Fortunately, there is an antidote to the poisoned heart that is profit. ] Just like any other industry, the corruption caused by the personal interests of capitalists and politicians can be solved by handing power back to the masses. There are two forms this structure of journalism could take.
The first is that of the worker cooperative, in which the workers of a newspaper (or other media entity) own the company and run it as a democracy. They could elect an editor-in-chief who would set editorial standards, ensuring what they deem to be proper journalistic integrity. We can already see how this would improve coverage, as evidenced by the recent open letter signed by one thousand NYT current and former contributors criticizing the paper’s coverage of trans issues.
The other option is to structure newspapers and television news as a community-owned entity. This could either take the form of crowd-funded publications (such as The Lever, which has done exceptional work covering the East Palestine disaster), or they could be owned by the regions they cover.
Though I’m skeptical a national publication could work in the contemporary U.S., towns, counties, and even cities could publicly fund newspapers to provide matter-of-fact coverage to the residents. Such a transition would turn news from a commodity into a public good, similar to how public schools operate. Of course, there’s always the possibility of malfeasance, but residents could correct it with democratic control, similar to the election of local school boards.

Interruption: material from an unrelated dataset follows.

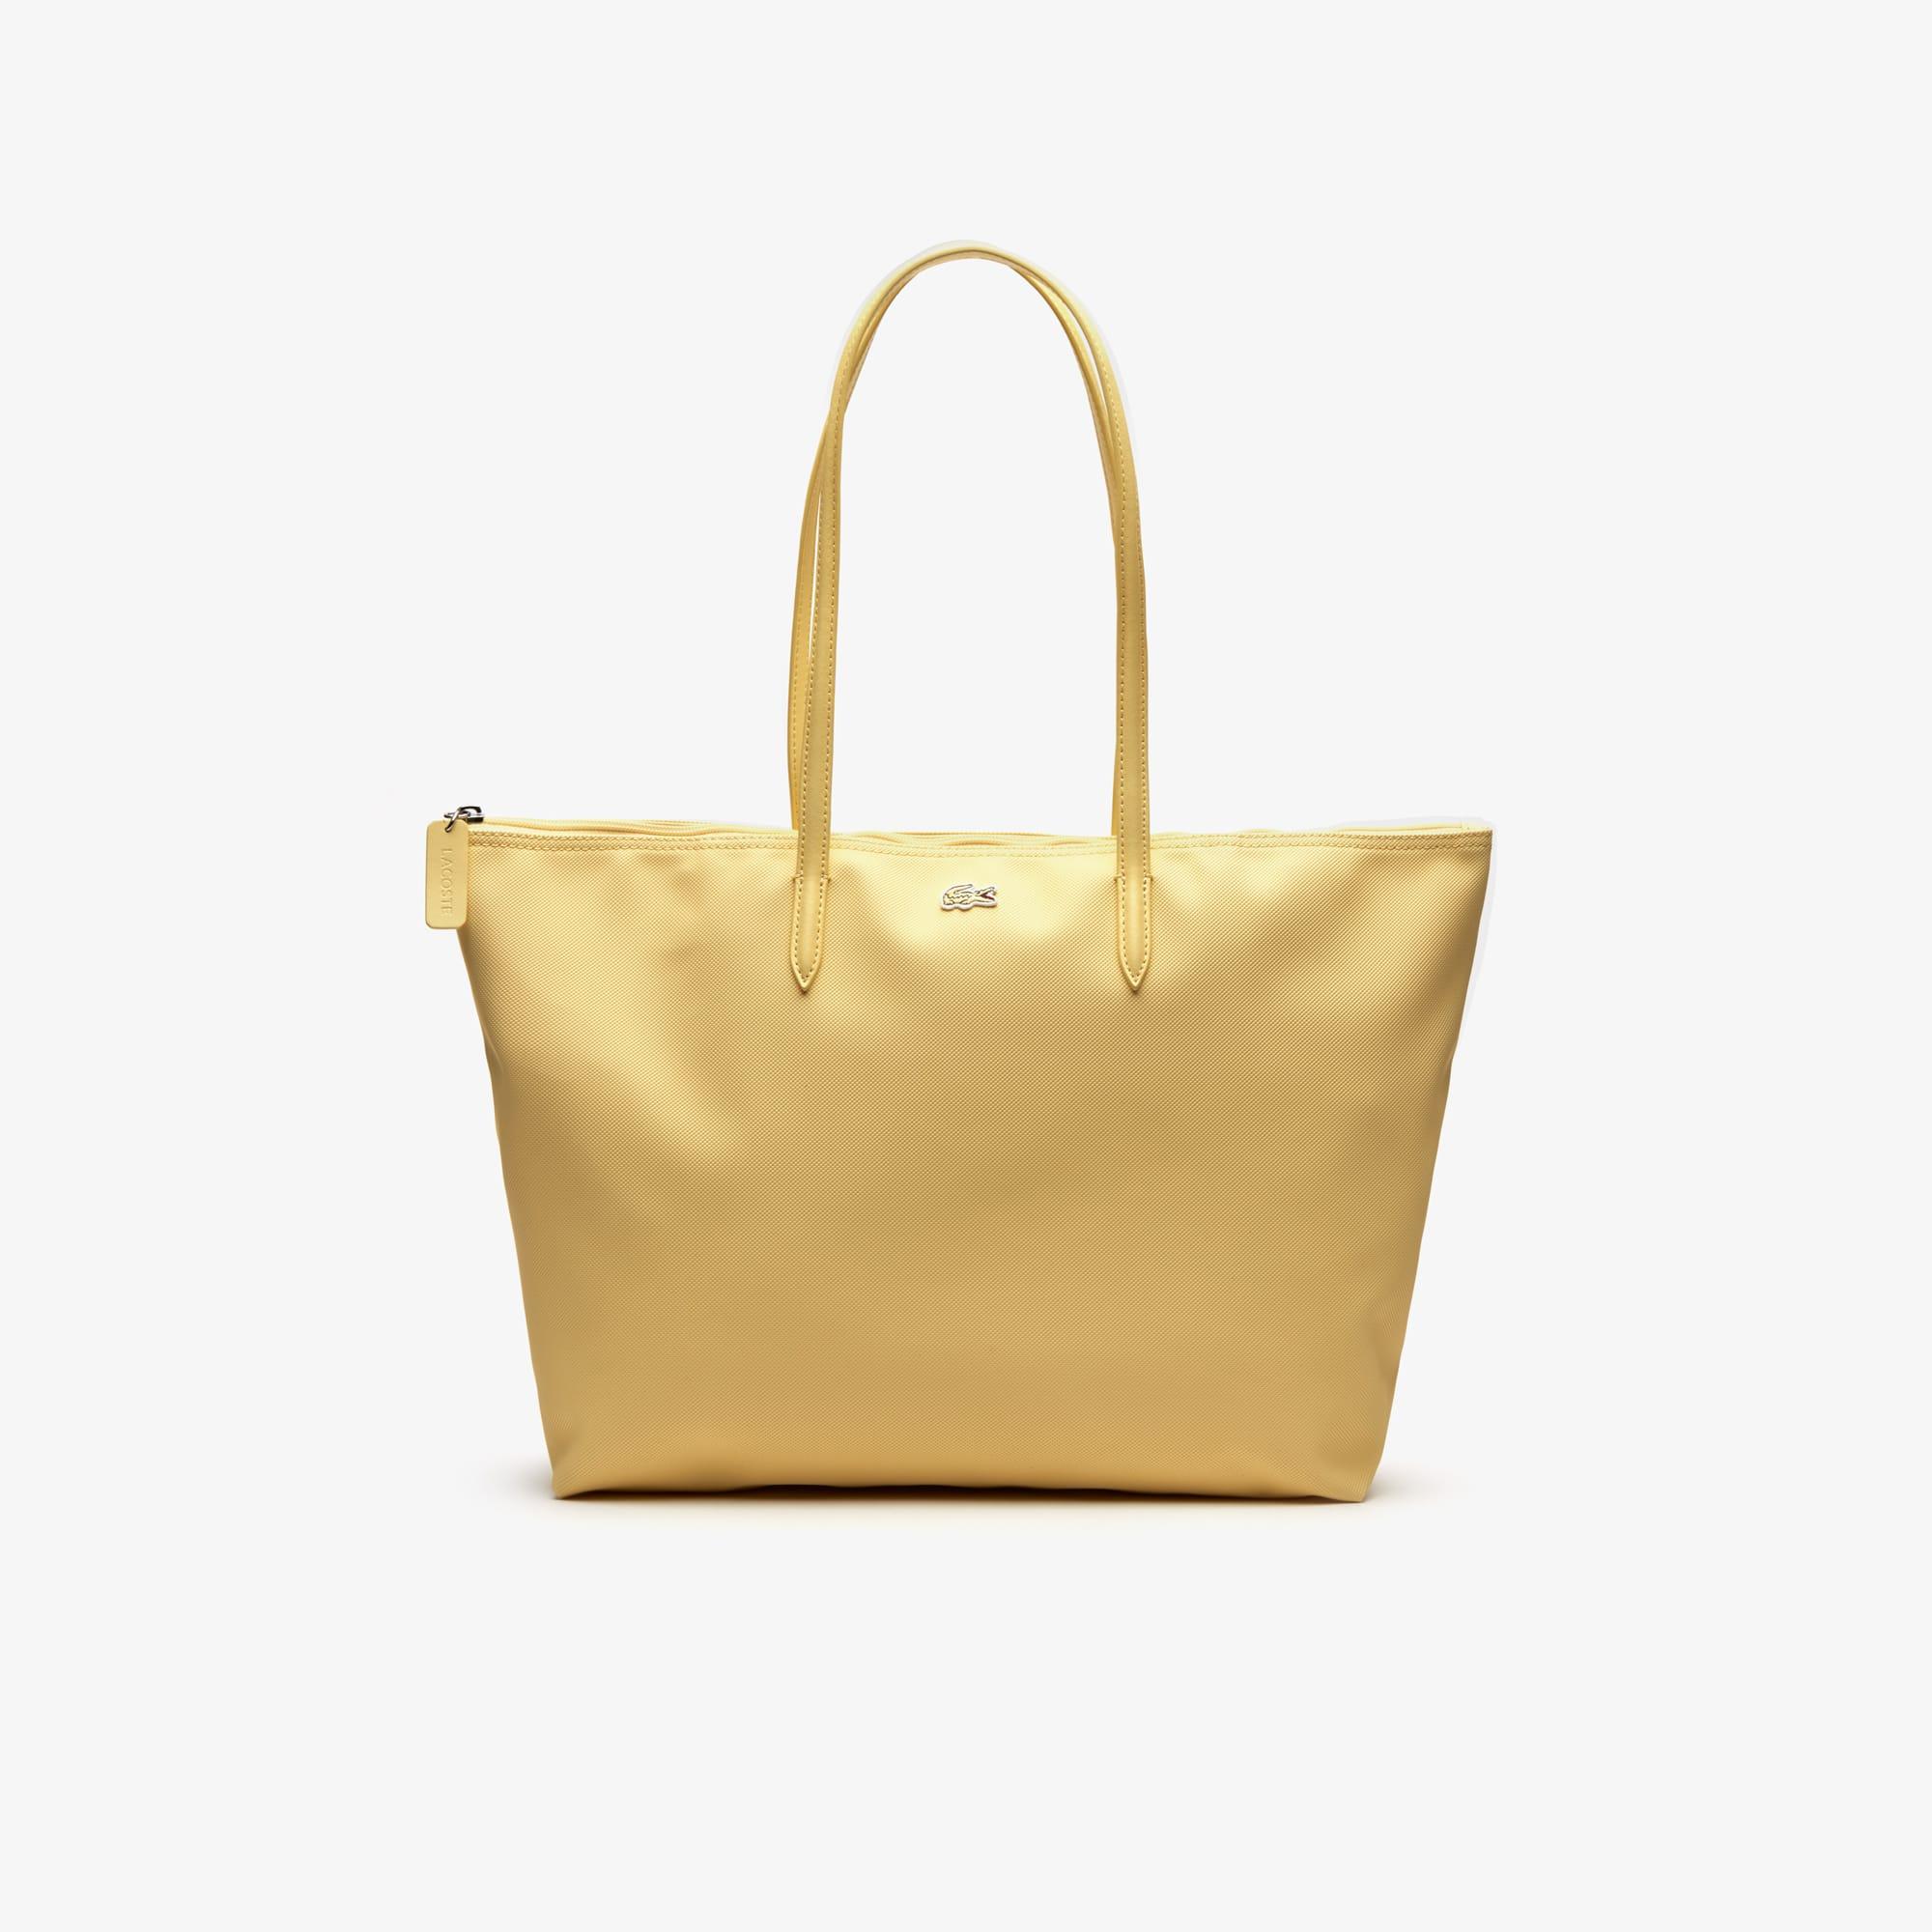 309994b52415f حقيبة يد نسائية بسحاب من مجموعة L.12.12 Concept

I won’t lie, I’m enjoying the juicy tea of the Fox News texts. When added to the fact the Dominion lawsuit holds the potential to bankrupt one of the most insane companies in existence, it’s hard not to get caught up in the feeling some of the worst people in America might finally get their due.
But to focus exclusively on Fox is to ignore the larger issue of the profit motive rotting journalism. After all, if Fox News does go bankrupt, what’s to stop Rupert Murdoch from buying The New York Times and starting his fascist project all over again?